Entries supplied:
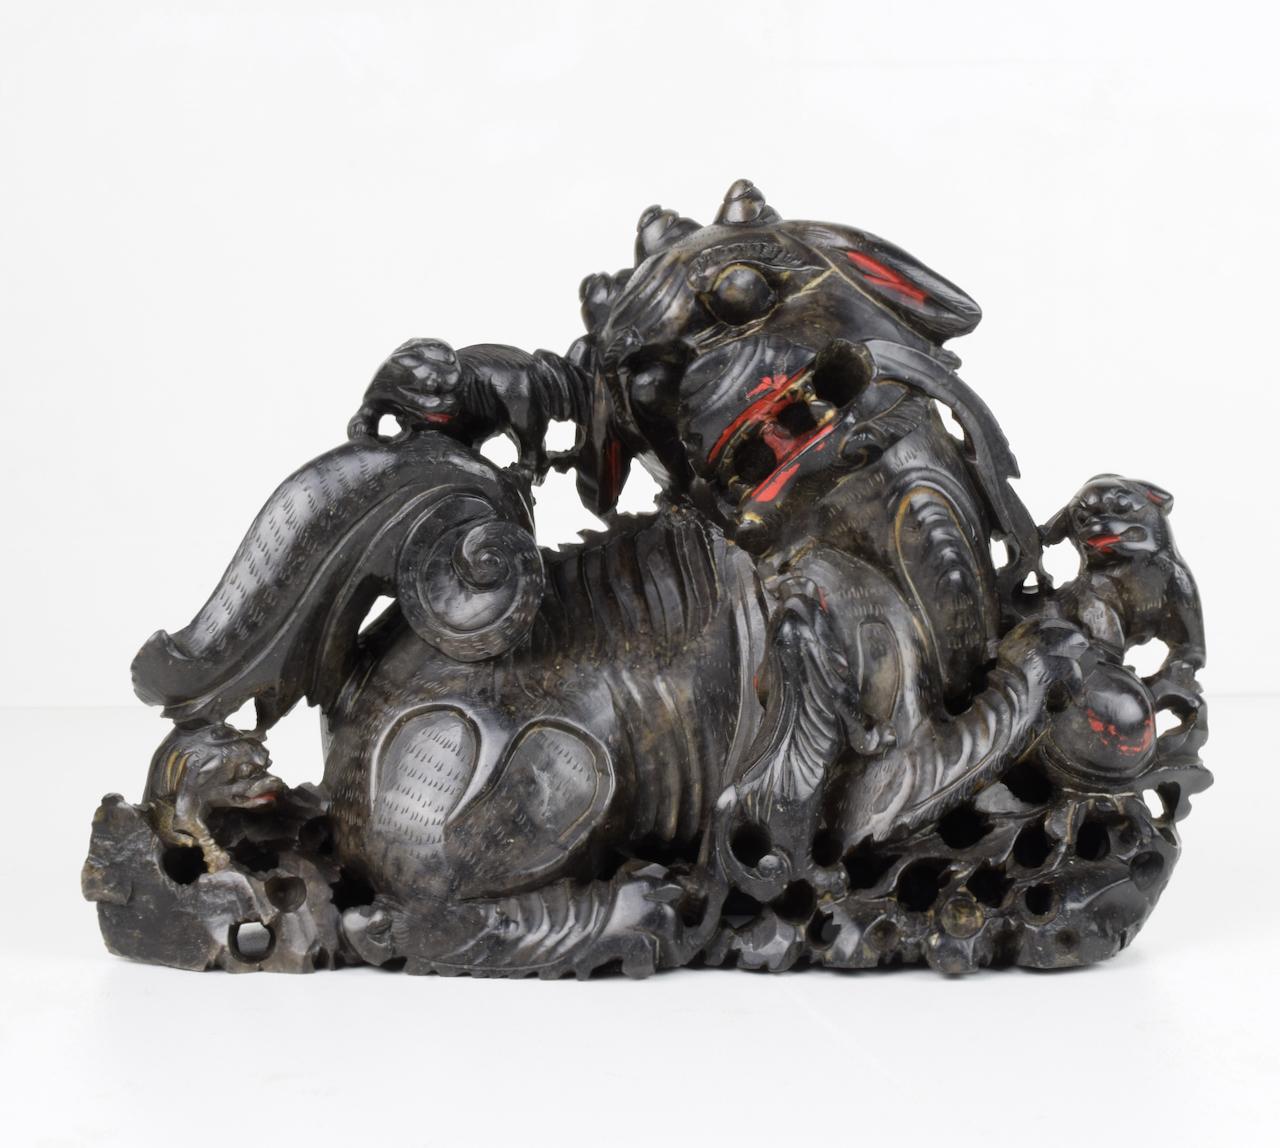 China, sec. XX
In black soapstone.
Traces of red painting.
Size: cm 24 x 7 x 18.
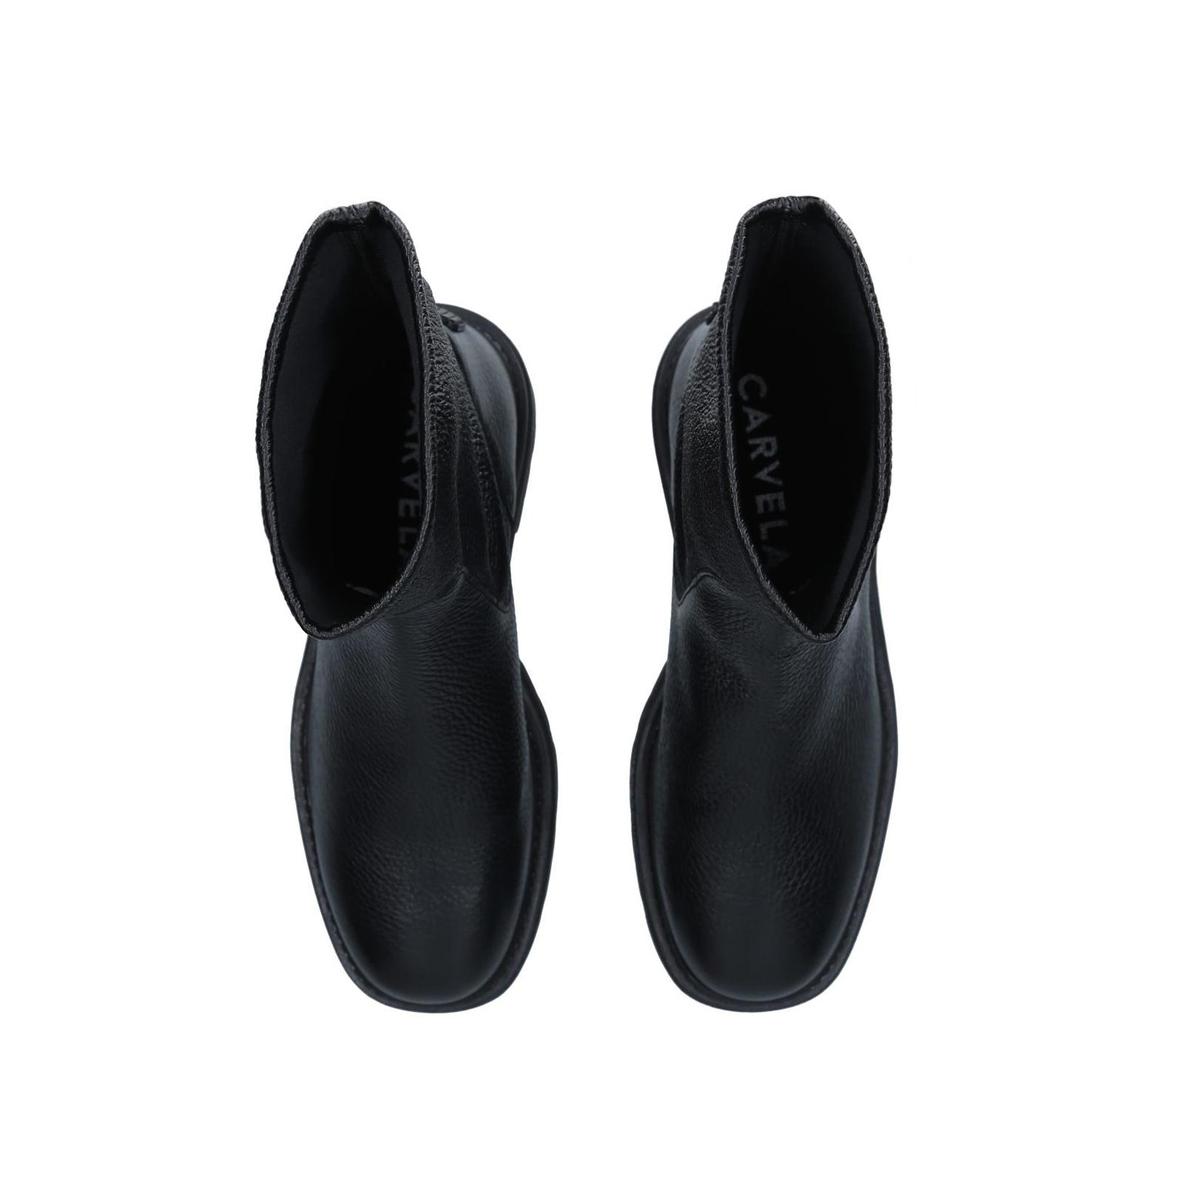 SINCERE ANKLE Black Leather Relaxed Ankle Boots by CARVELA

Task statement:
Only text belongs in the copy: repeat each line of the data exactly and leave out the pictures.

Reply to the task:
 China, sec. XX
In black soapstone.
Traces of red painting.
Size: cm 24 x 7 x 18.
 SINCERE ANKLE Black Leather Relaxed Ankle Boots by CARVELA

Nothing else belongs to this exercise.